Но он снова повторил ее имя на собственный лад, с ужасным иностранным акцентом. Почувствовав, что у него ничего не получается, беспомощно развел руками. Лицо Уилки даже слегка помрачнело оттого, что, по его мнению, он оказался не на должной высоте. Более того, Фармер небезосновательно предполагал, что он выглядел полным идиотом в глазах своей зазнобы. Джейн без труда уловила перемену в настроении Уилки, и ей чуточку стало жаль с виду такого сильного, уверенного в себе, и, в то же время, в глубине души очень ранимого человека.
— Тогда скажи: «Любовь»! — со снисходительной улыбкой предложила она.
Новый приступ неудержимого хохота, буквально распирал ее изнутри.
— О, е! — обрадовано согласился Уилки Фармер. — «Лоф»! Итс, ол райт!
— Так-то, оно — лучше! — уже вполне серьезно заметила Джейн, к своему удивлению, заметив хитринку в глазах американского джентльмена.
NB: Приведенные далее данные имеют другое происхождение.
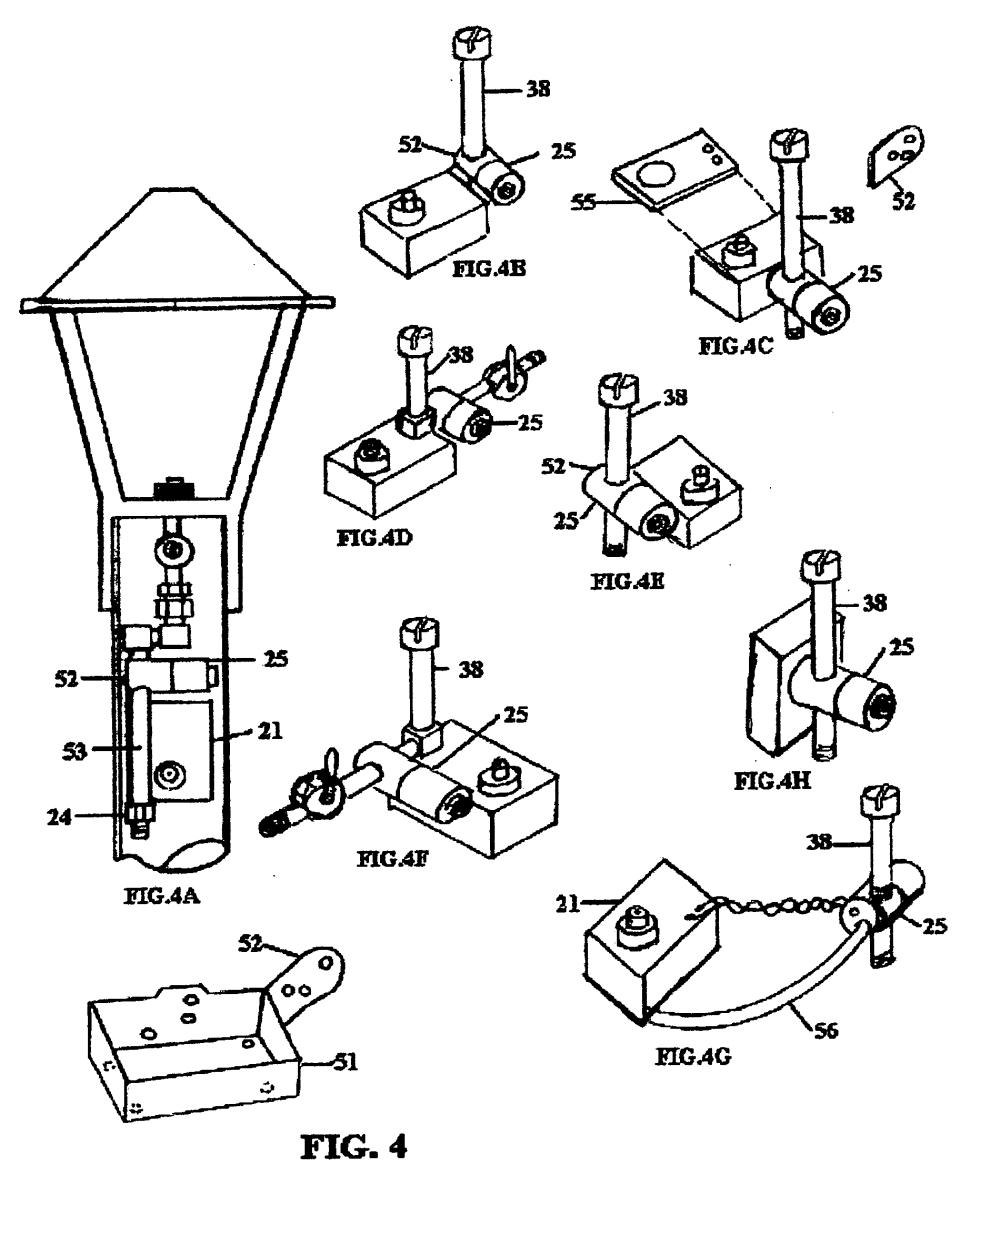 medium resolution of wiring diagram for security light pir images sensor light wiring diagram pir light wiring diagram pir

Играл ли он с ней в незадачливого ухажера, так неуклюже обращаясь с русским языком, или, и в самом деле, терял дар речи от любви к Джейн, произнося ее имя на американский манер, было не столь важно? Впоследствии он частенько и с особенной нежностью в голосе называл ее только так, и никак иначе. И тогда никто из его близких, друзей и просто знакомых не усматривал в этом ничего особенного. Наверняка, они думали, что Уилки без ума от Джейн, если без конца твердит ей про любовь. И они не ошибались.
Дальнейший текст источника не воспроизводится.